**WORK TASK**
Copy the listing in full and exactly, omitting its images.

**STORED DATA**
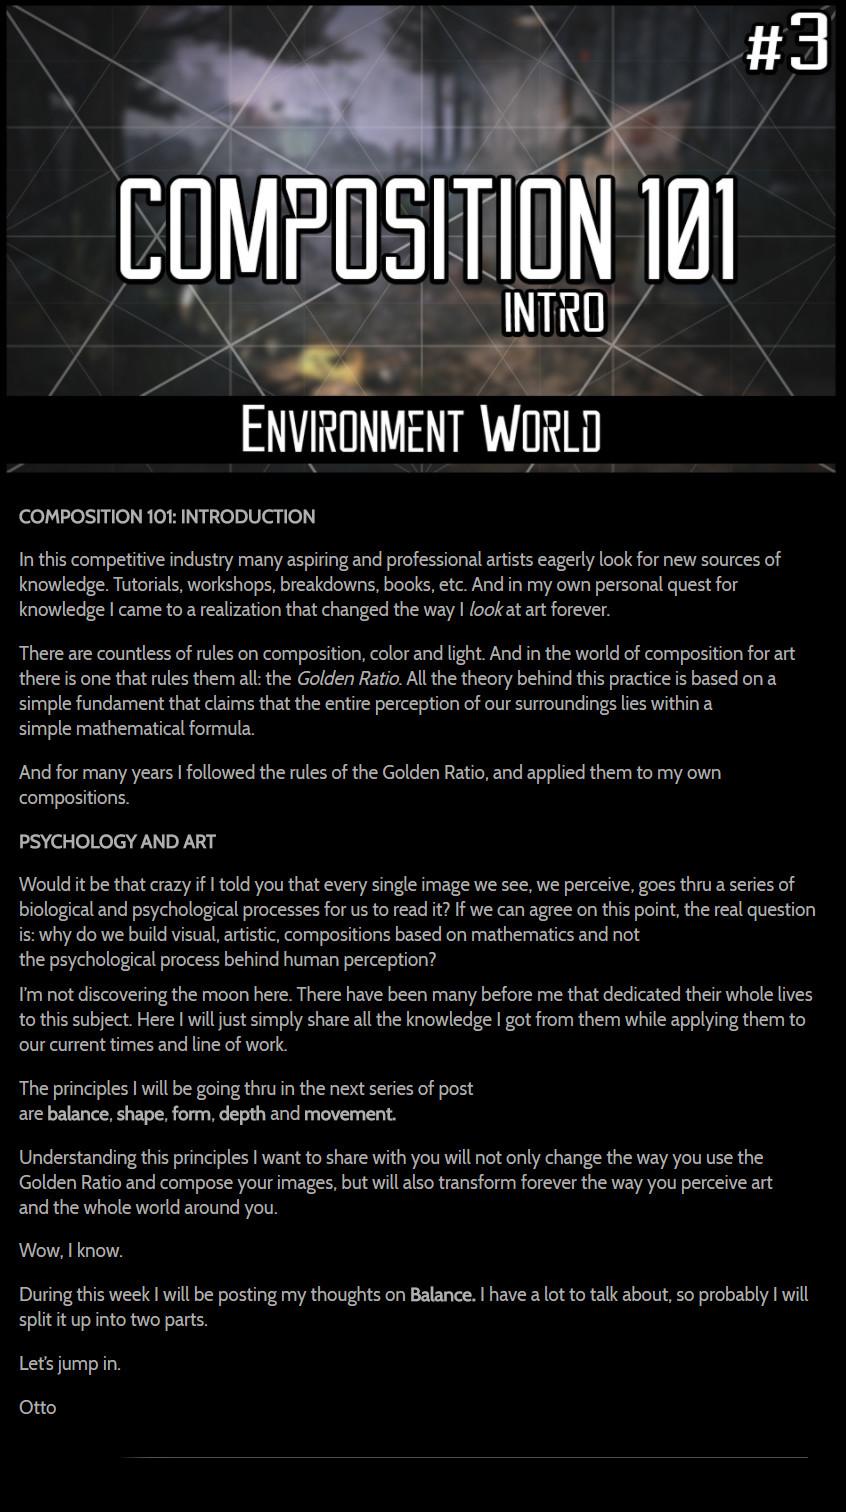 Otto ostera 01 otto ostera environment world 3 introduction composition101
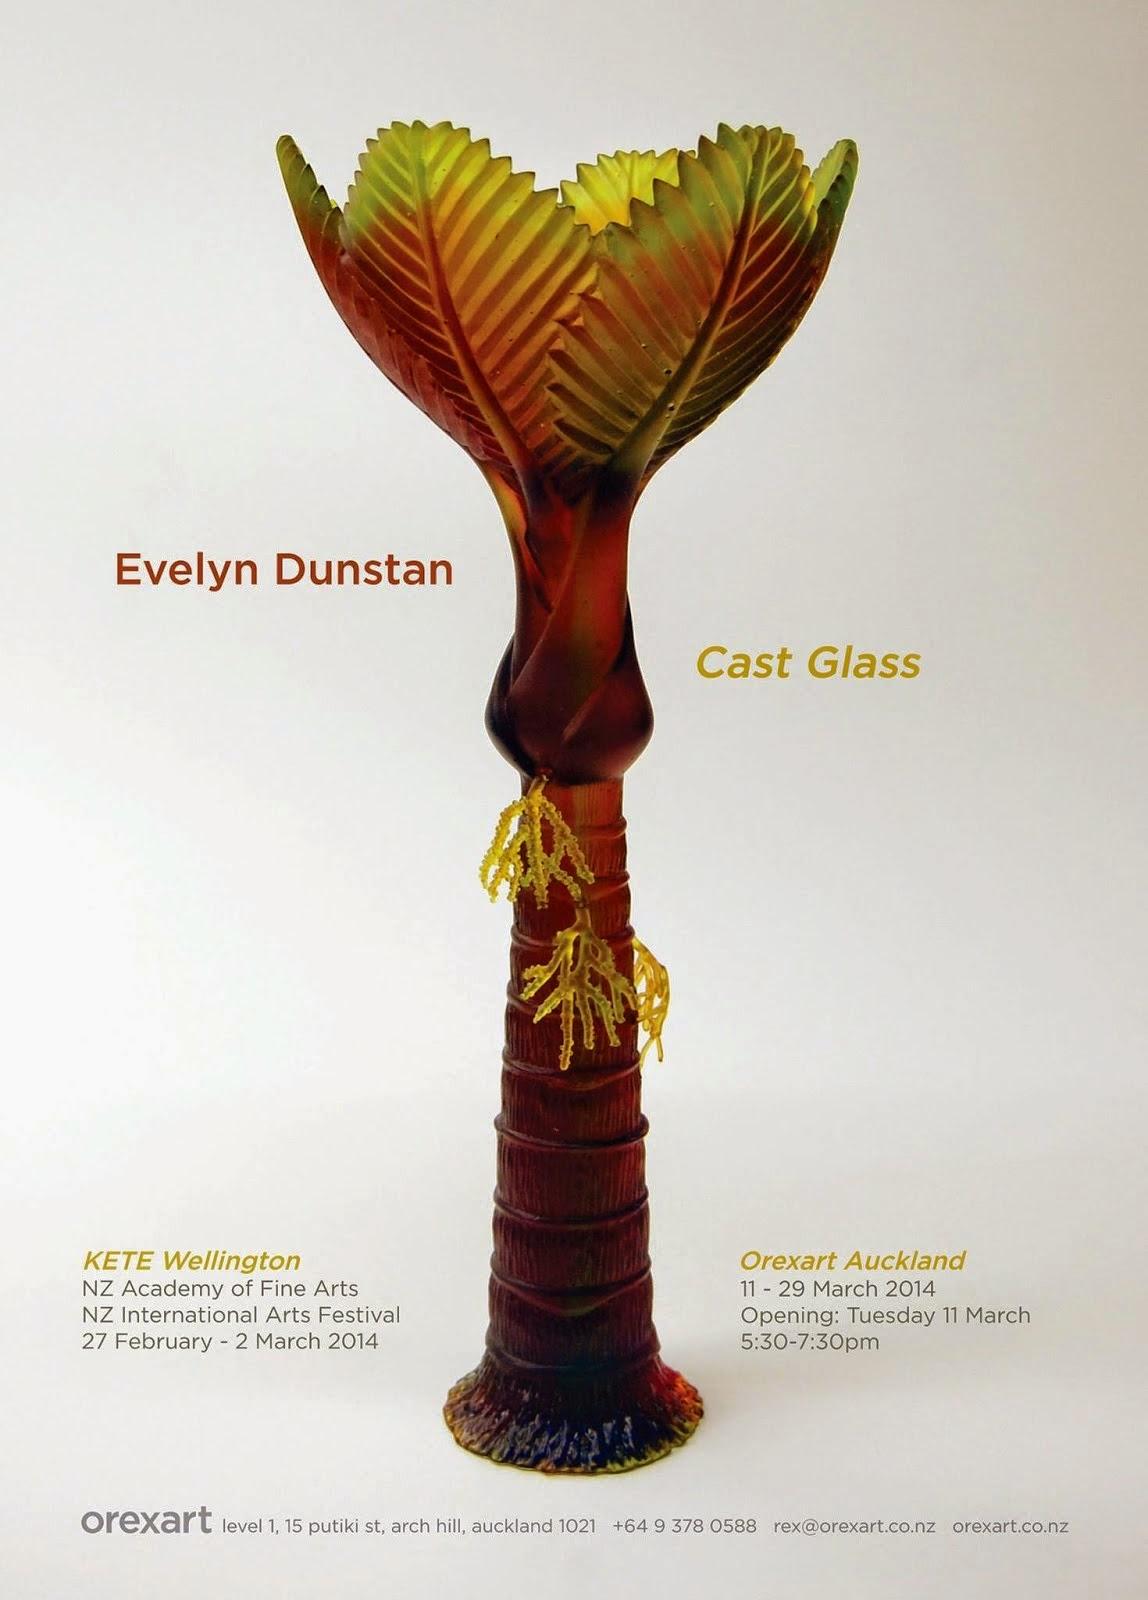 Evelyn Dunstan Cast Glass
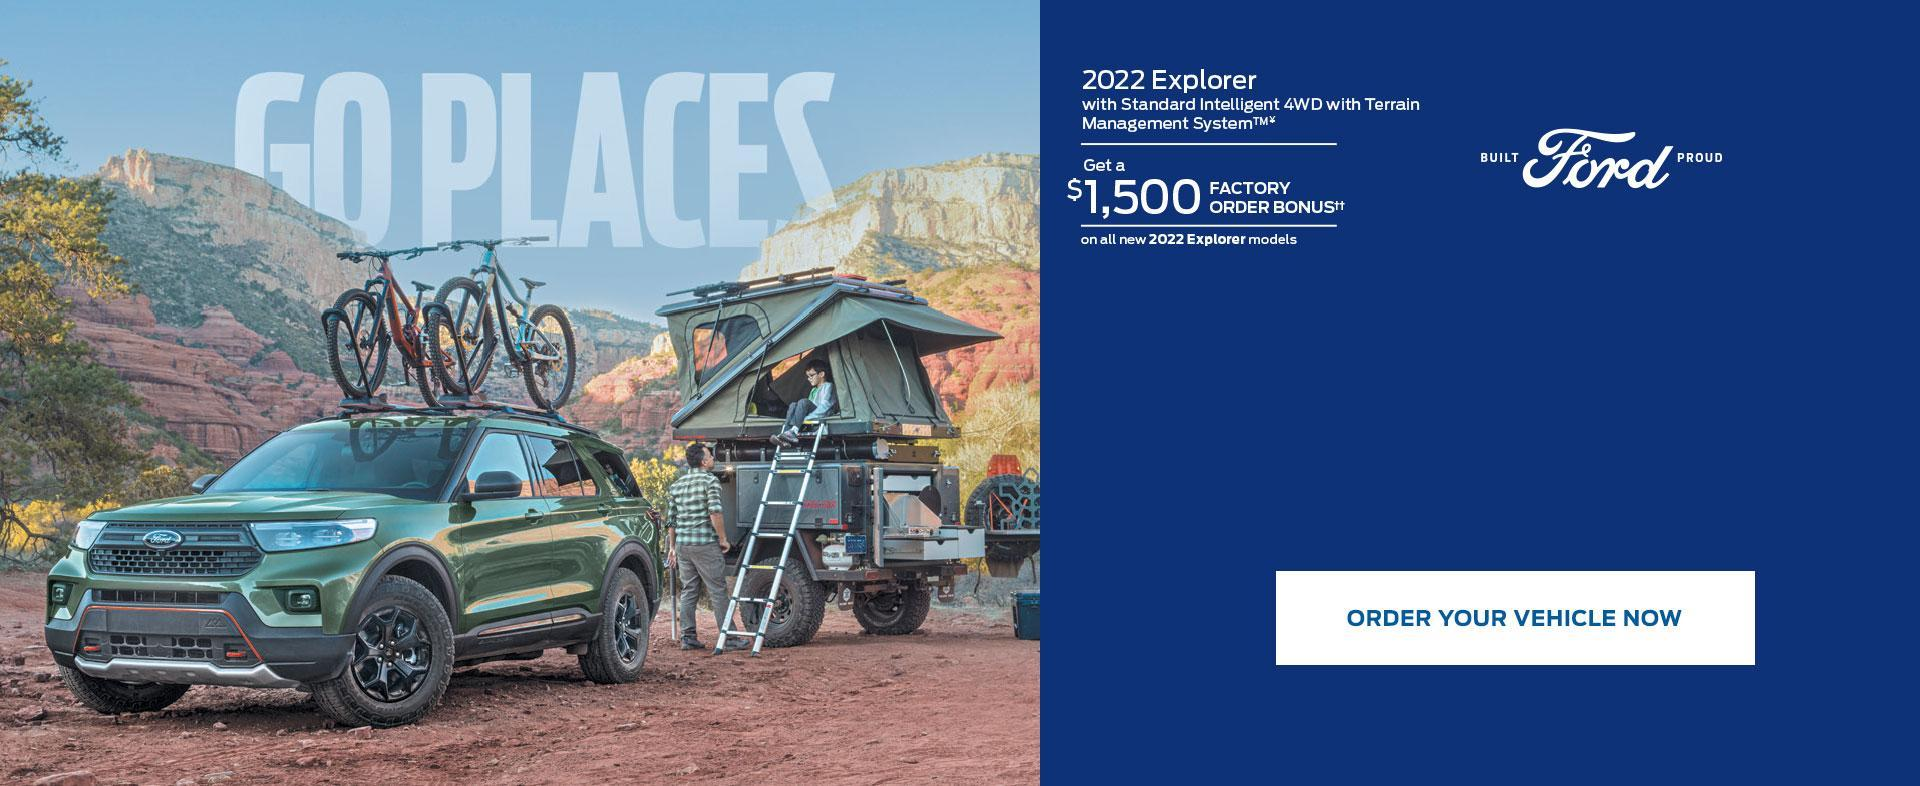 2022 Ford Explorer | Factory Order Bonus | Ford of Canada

**THE ANSWER**
 Otto ostera 01 otto ostera environment world 3 introduction composition101
 Evelyn Dunstan Cast Glass
 2022 Ford Explorer | Factory Order Bonus | Ford of Canada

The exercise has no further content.